How to calculate BIC for k-means clustering in R

For anyone else landing here, there's a method proposed by Sherry Towers at http://sherrytowers.com/2013/10/24/k-means-clustering/, which uses output from stats::kmeans. I quote:

The AIC can be calculated with the following function:

kmeansAIC = function(fit){

m = ncol(fit$centers)
n = length(fit$cluster)
k = nrow(fit$centers)
D = fit$tot.withinss
return(D + 2*m*k)
}

From the help for stats::AIC, you can also see that the BIC can be calculated in a similar way to the AIC. An easy way to get the BIC is to replace the return() in the above function, with this:

return(data.frame(AIC = D + 2*m*k,
                  BIC = D + log(n)*m*k))

So you would use this as follows:

fit <- kmeans(x = data,centers = 6)
kmeansAIC(fit)

To compute BIC, just add .5*k*d*log(n) (where k is the number of means, d is the length of a vector in your dataset, and n is the number of data points) to the standard k-means error function.

The standard k-means penalty is \sum_n (m_k(n)-x_n)^2, where m_k(n) is the mean associated with the nth data point.

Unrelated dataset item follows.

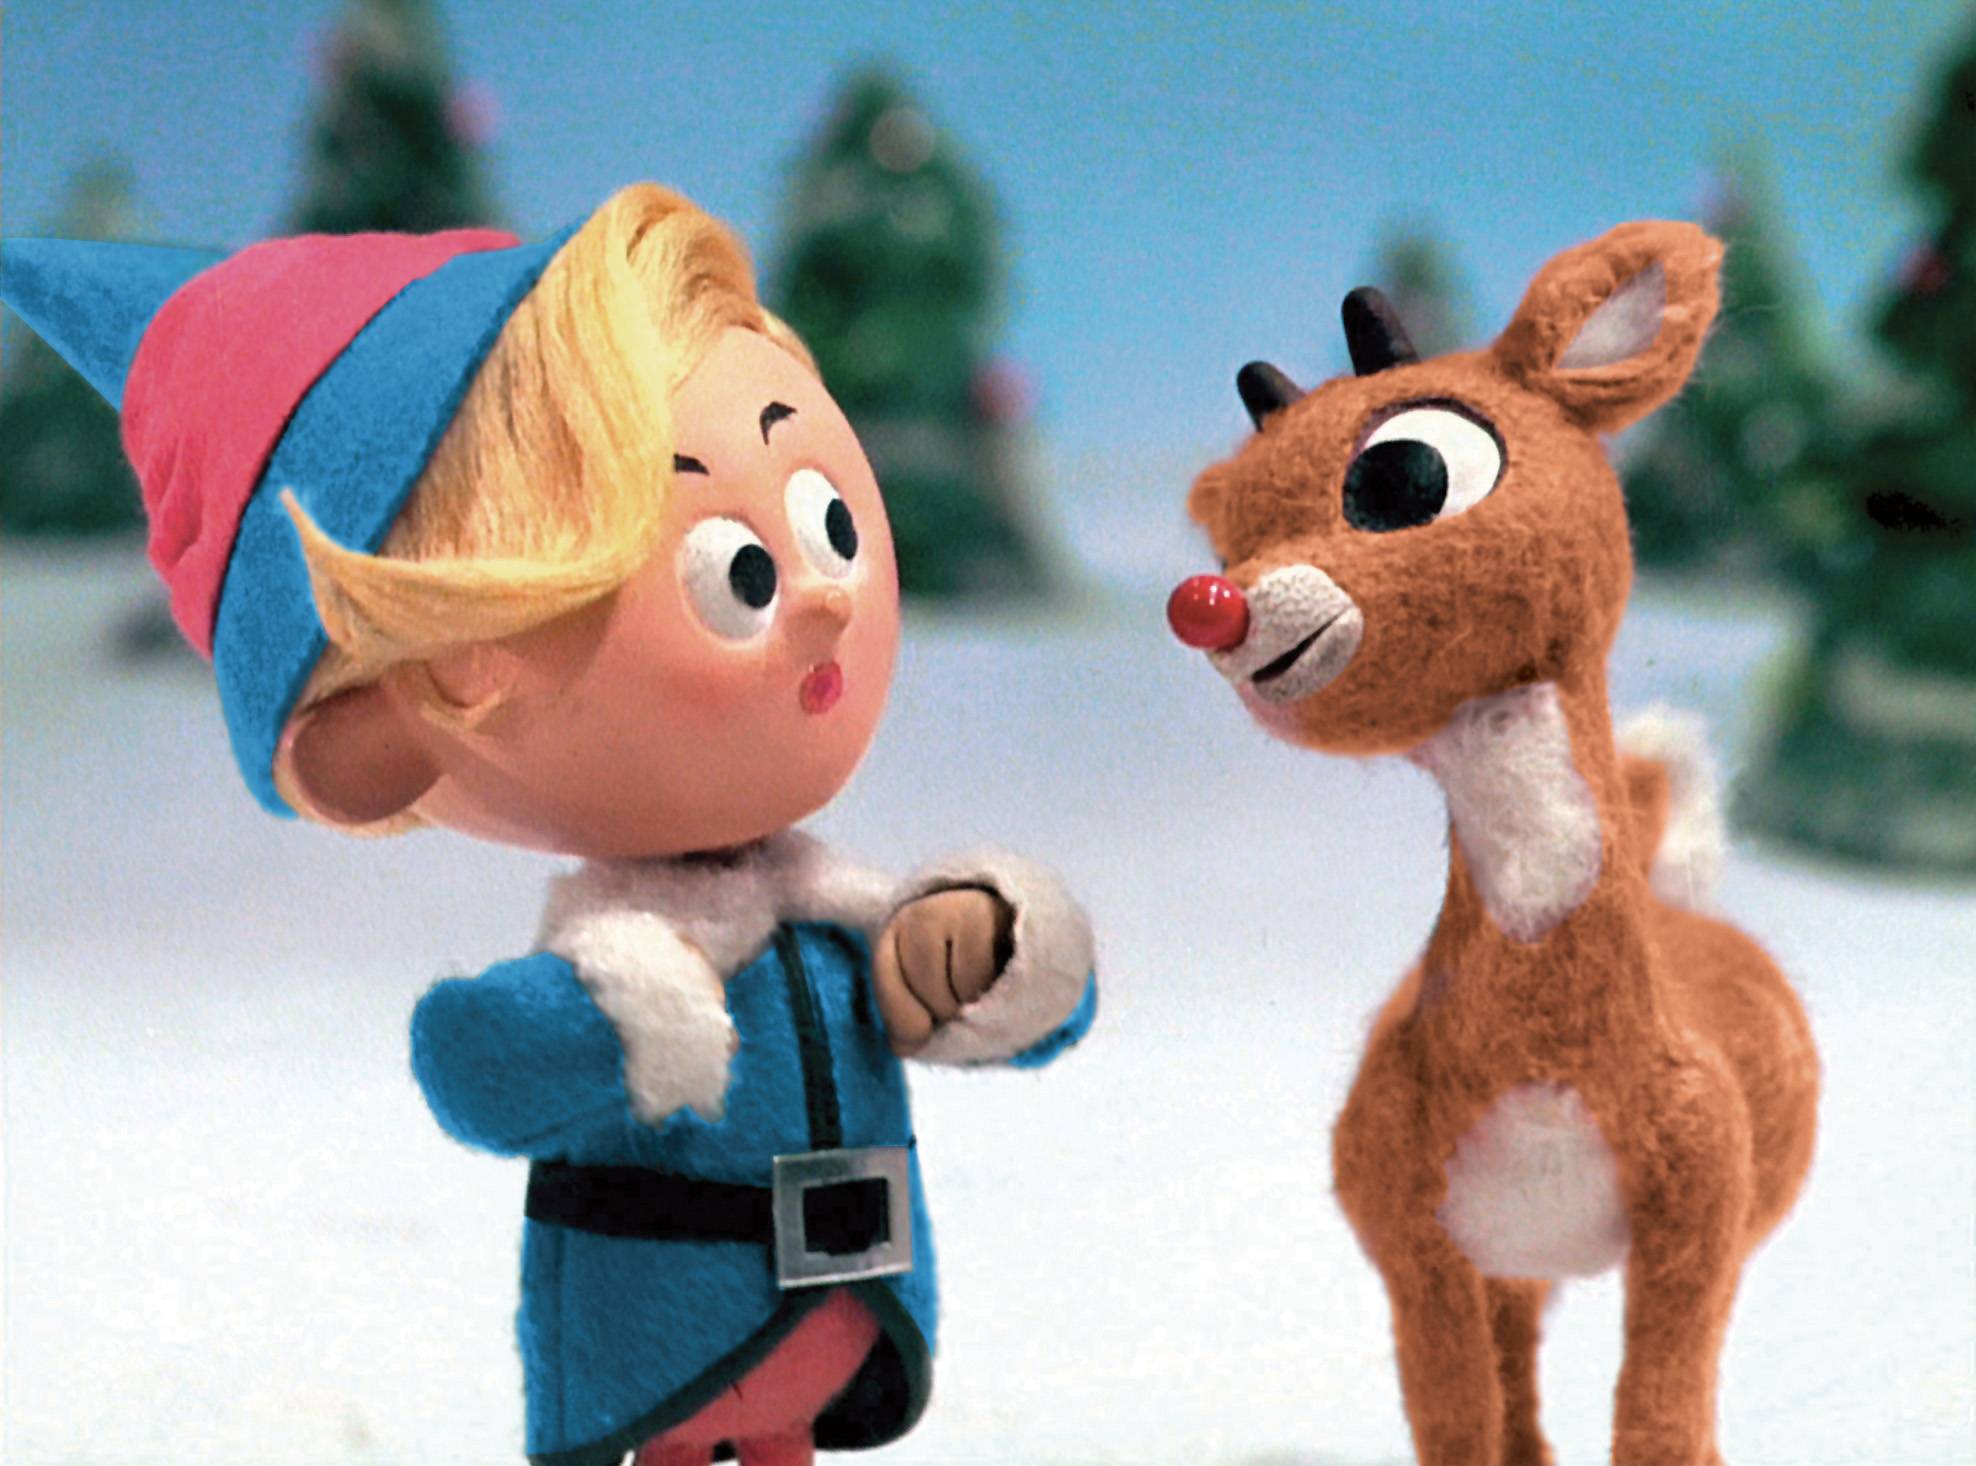 Great Rudolph The Red Nosed Reindeer Desktop Wallpaper of all time Learn more here 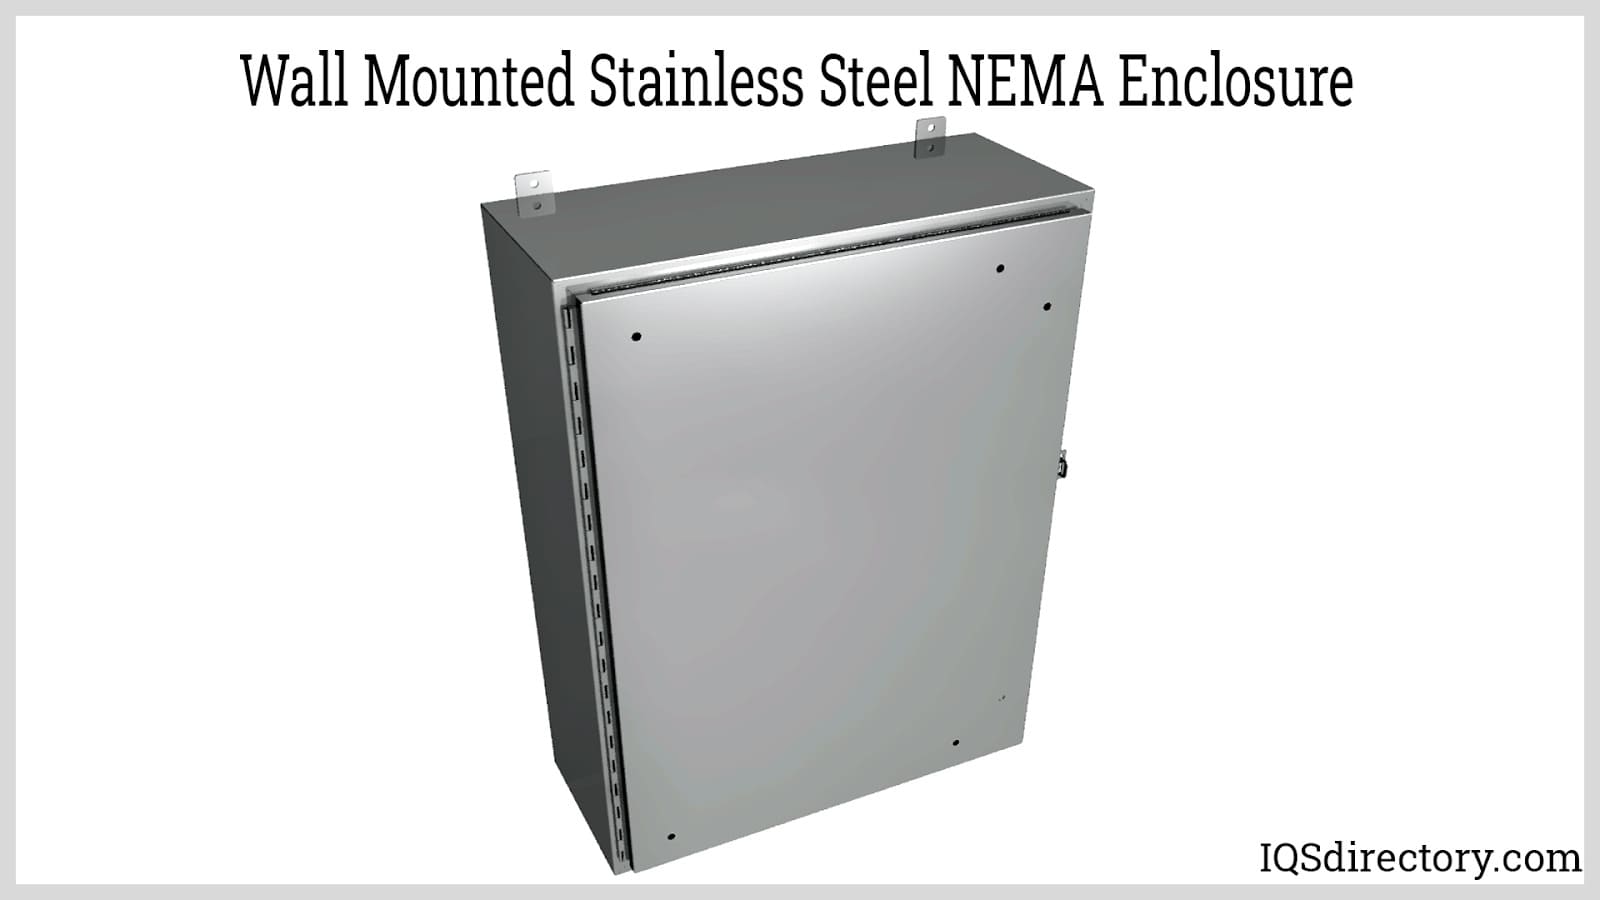 Wall Mounted Stainless Steel NEMA Enclosure

This penalty can be interpreted as a log probability, so BIC is perfectly valid.

BIC just adds an additional penalty term to the k-means error proportional to k.


Just to add to what user1149913 said (I don't have enough reputation to comment), since you're using the kmeans function in R, \sum_n (m_k(n)-x_n)^2 is already calculated for you as KClData$tot.withinss.